▸ **Exercise prompt**: Retype the whole listing exactly. Leave out pictures.

▸ **Data extract**:
=== Begin Enclosure ===

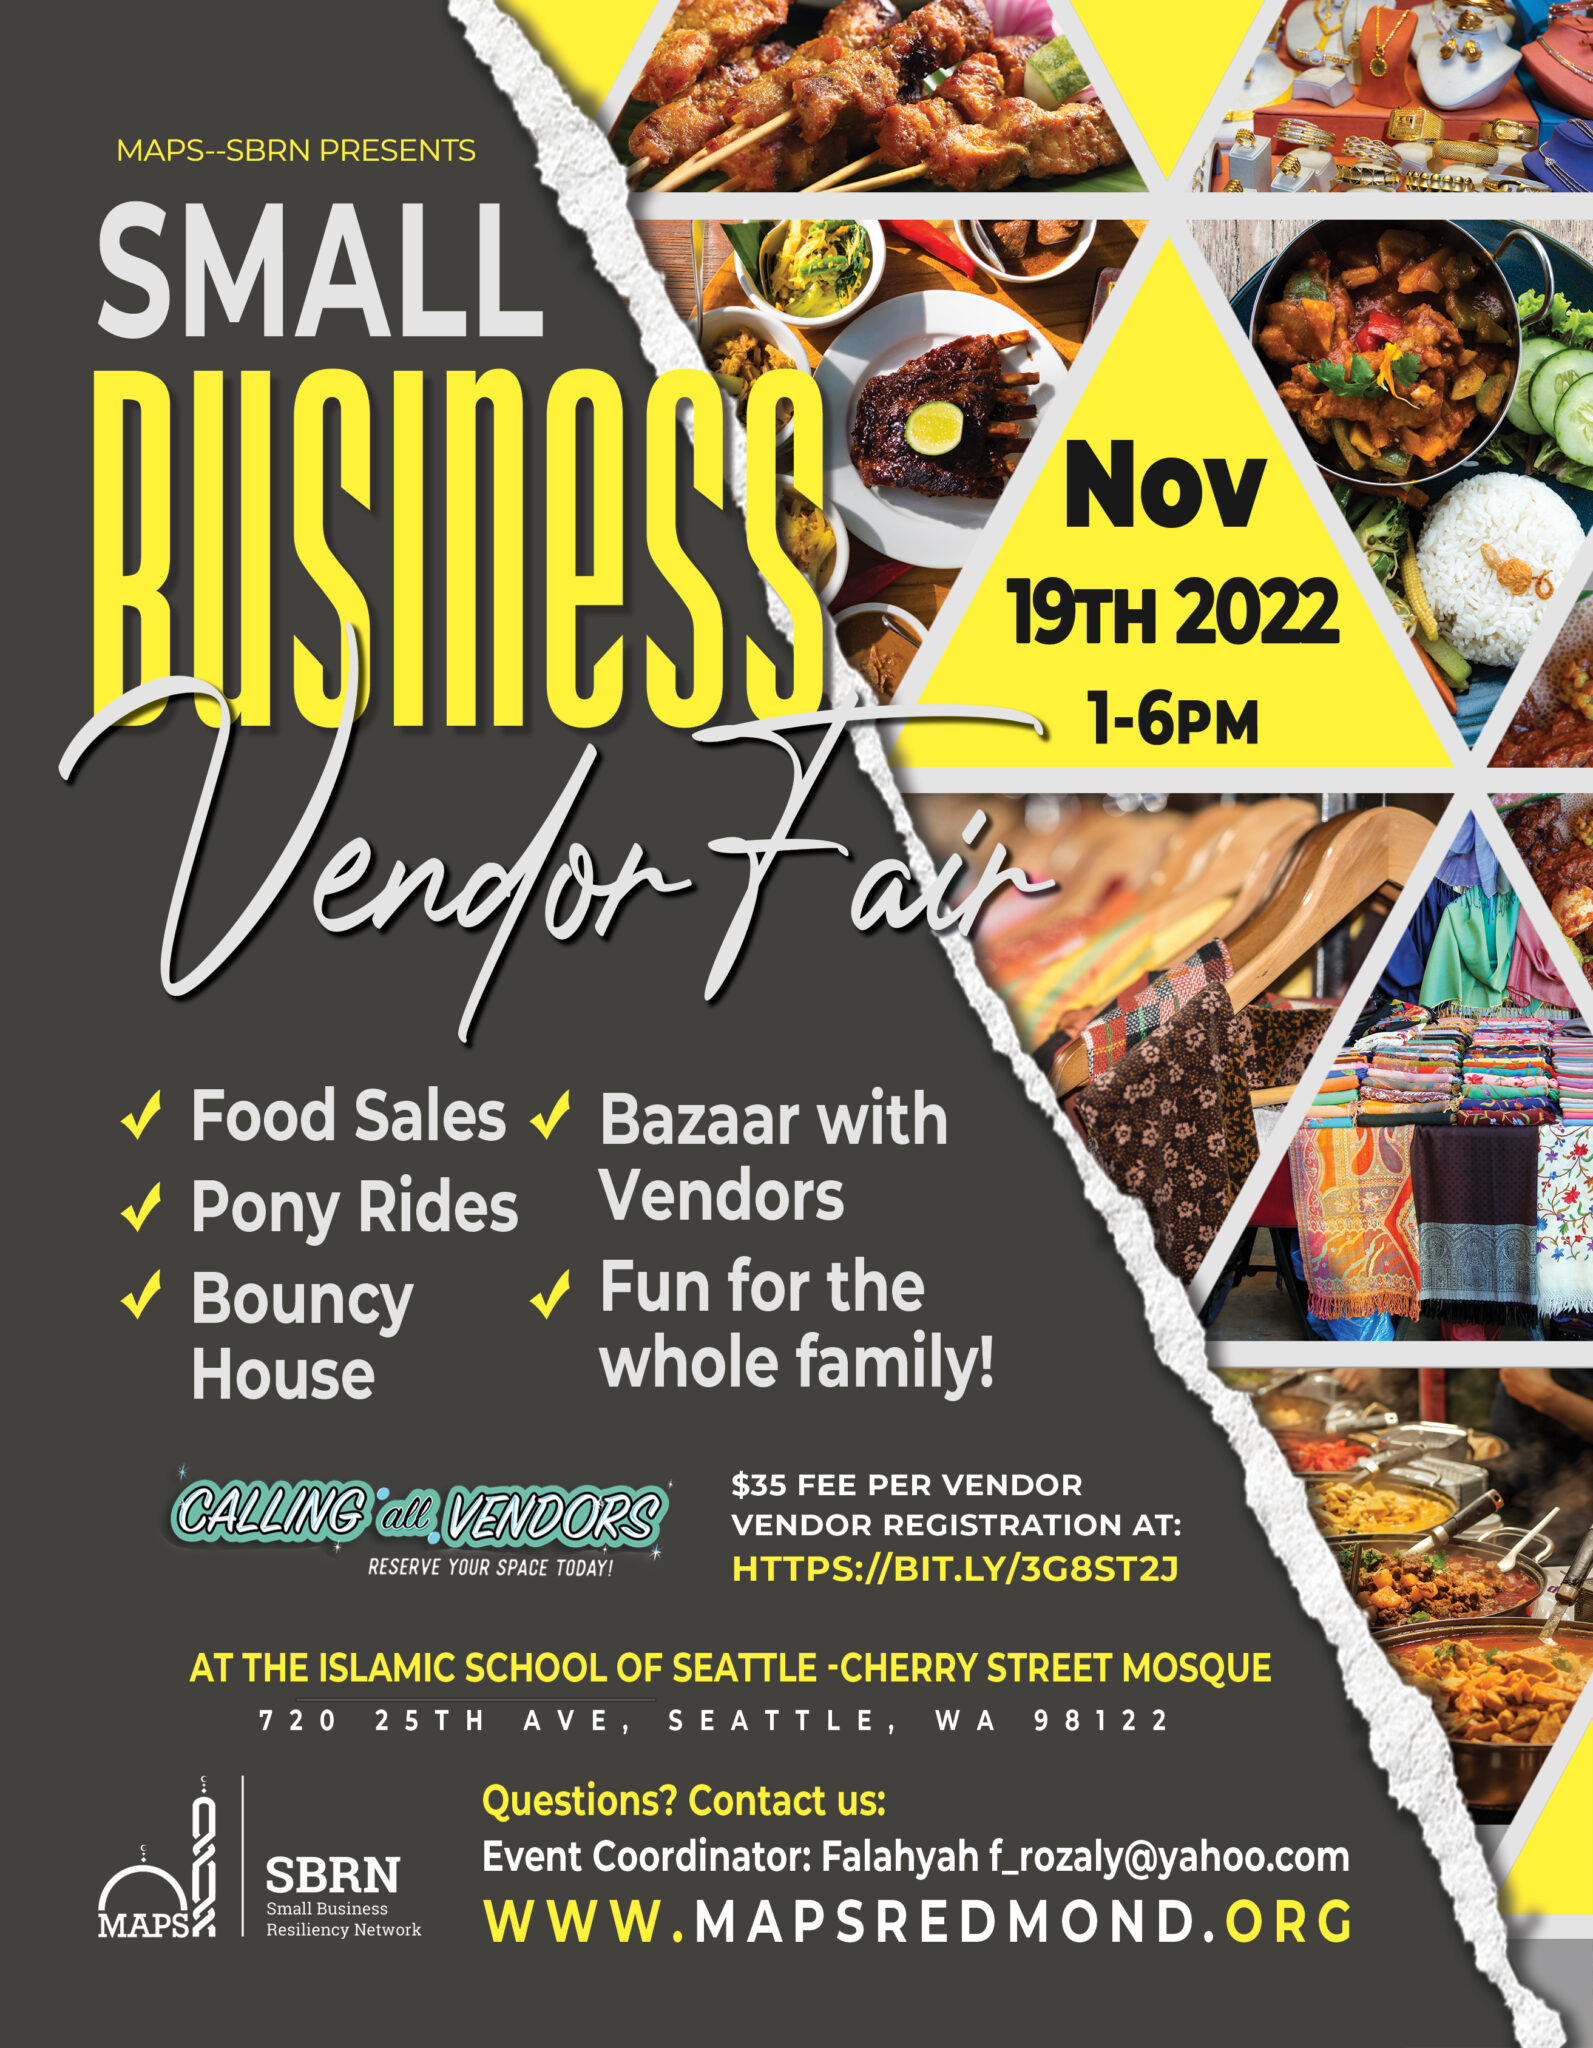 Small Business Vendor Fair Registration
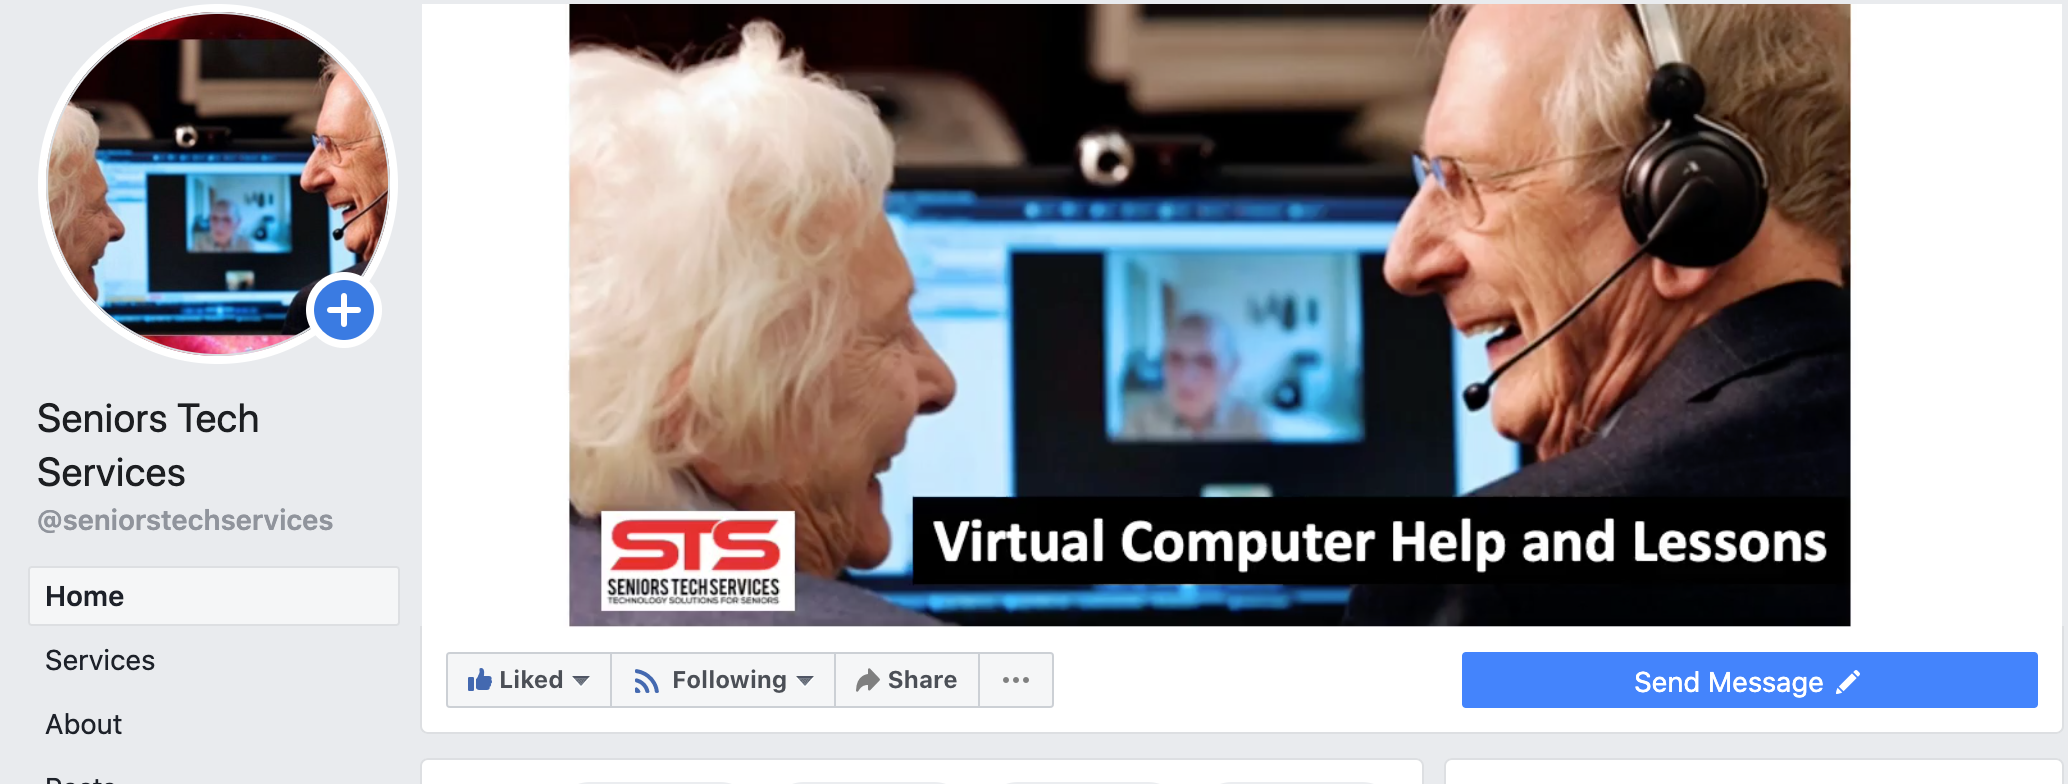 Seniors Tech Services on Facebook
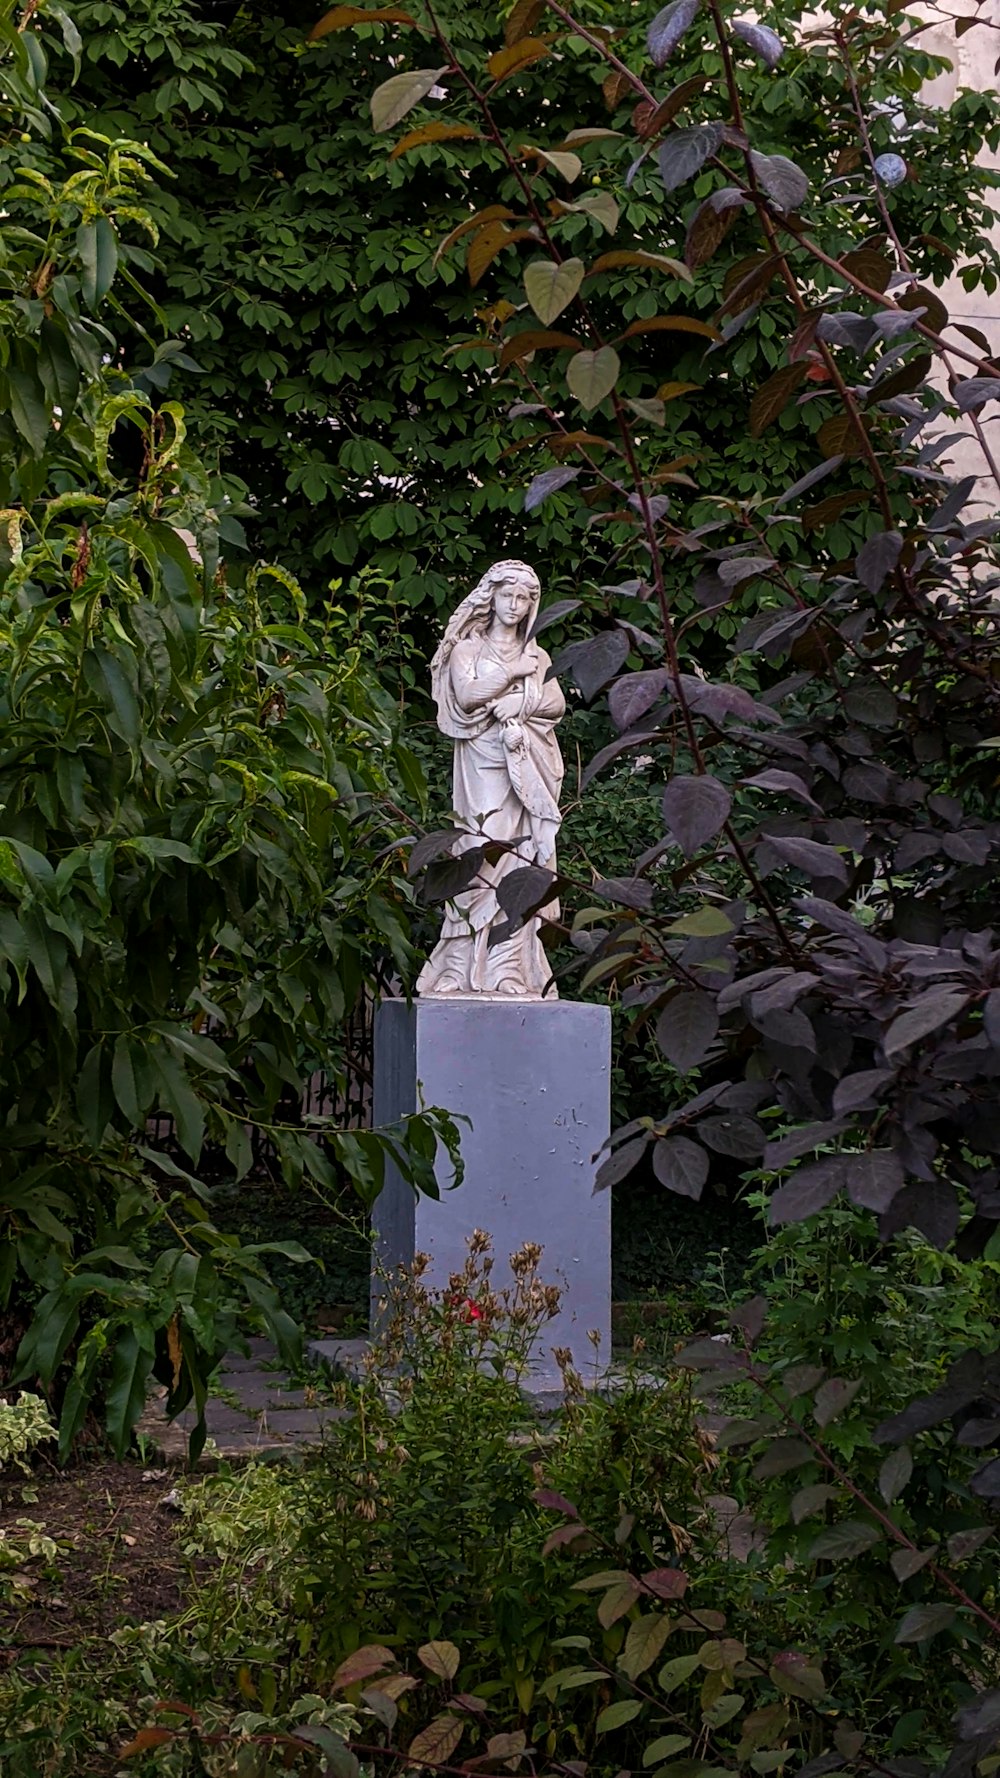 donna in vestito statua vicino a piante verdi
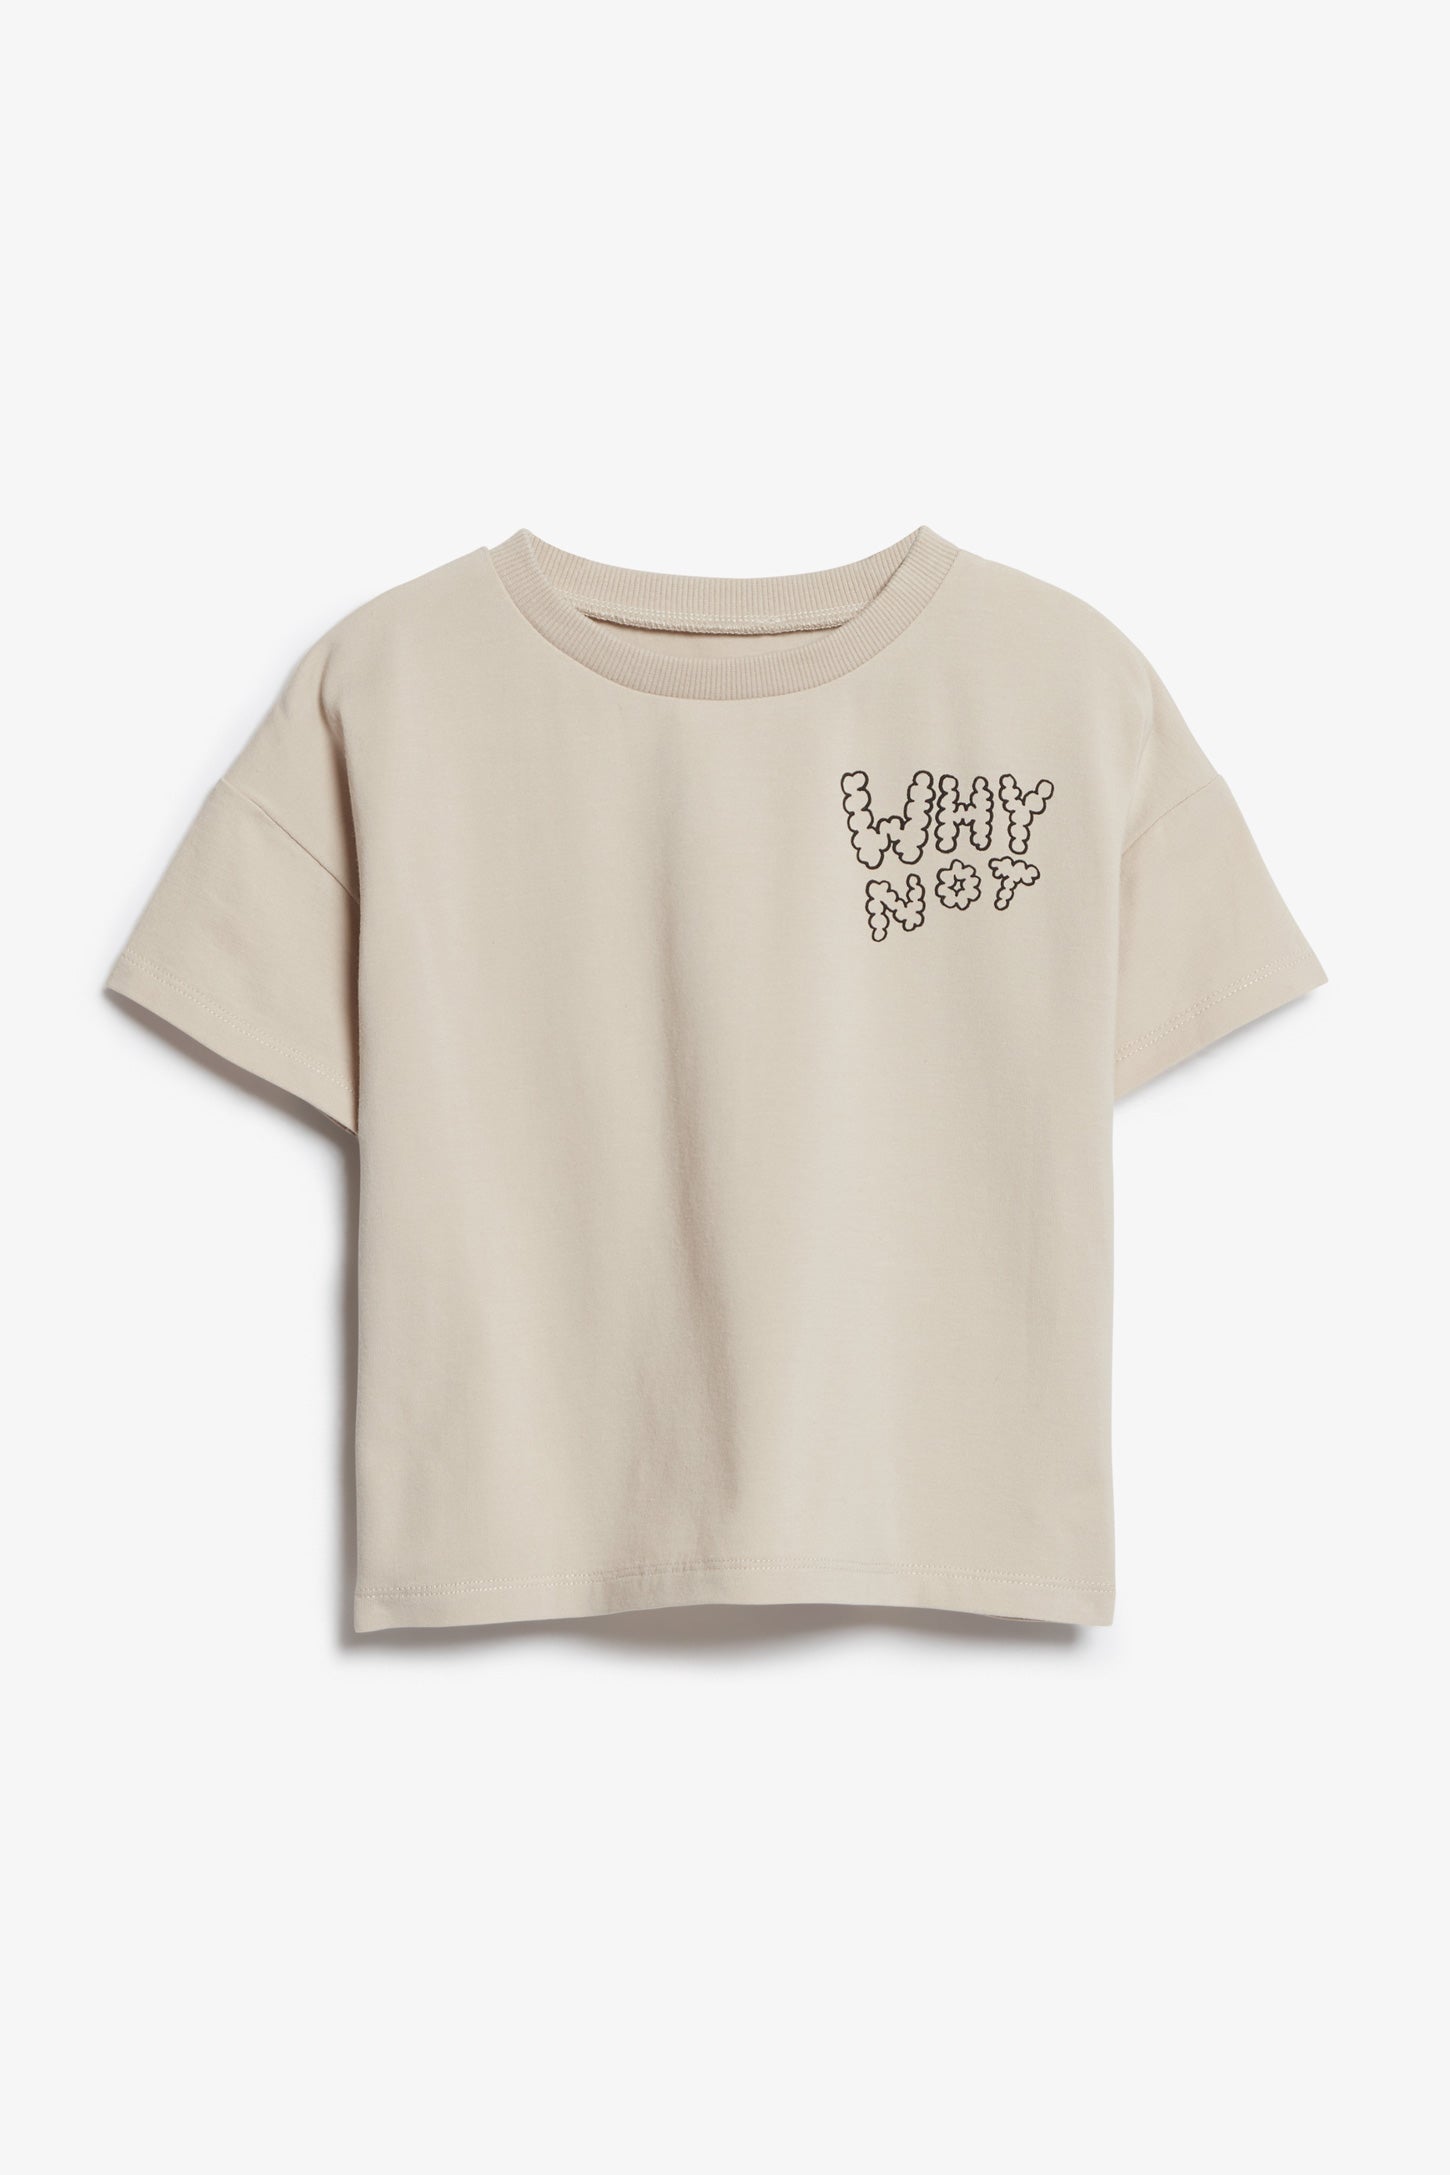 T-shirt ample en coton bio, 2T-3T - Bébé garçon && BEIGE

=== End Enclosure ===

▸ **Answer to the exercise**:
 Small Business Vendor Fair Registration
 Seniors Tech Services on Facebook
 donna in vestito statua vicino a piante verdi
 T-shirt ample en coton bio, 2T-3T - Bébé garçon && BEIGE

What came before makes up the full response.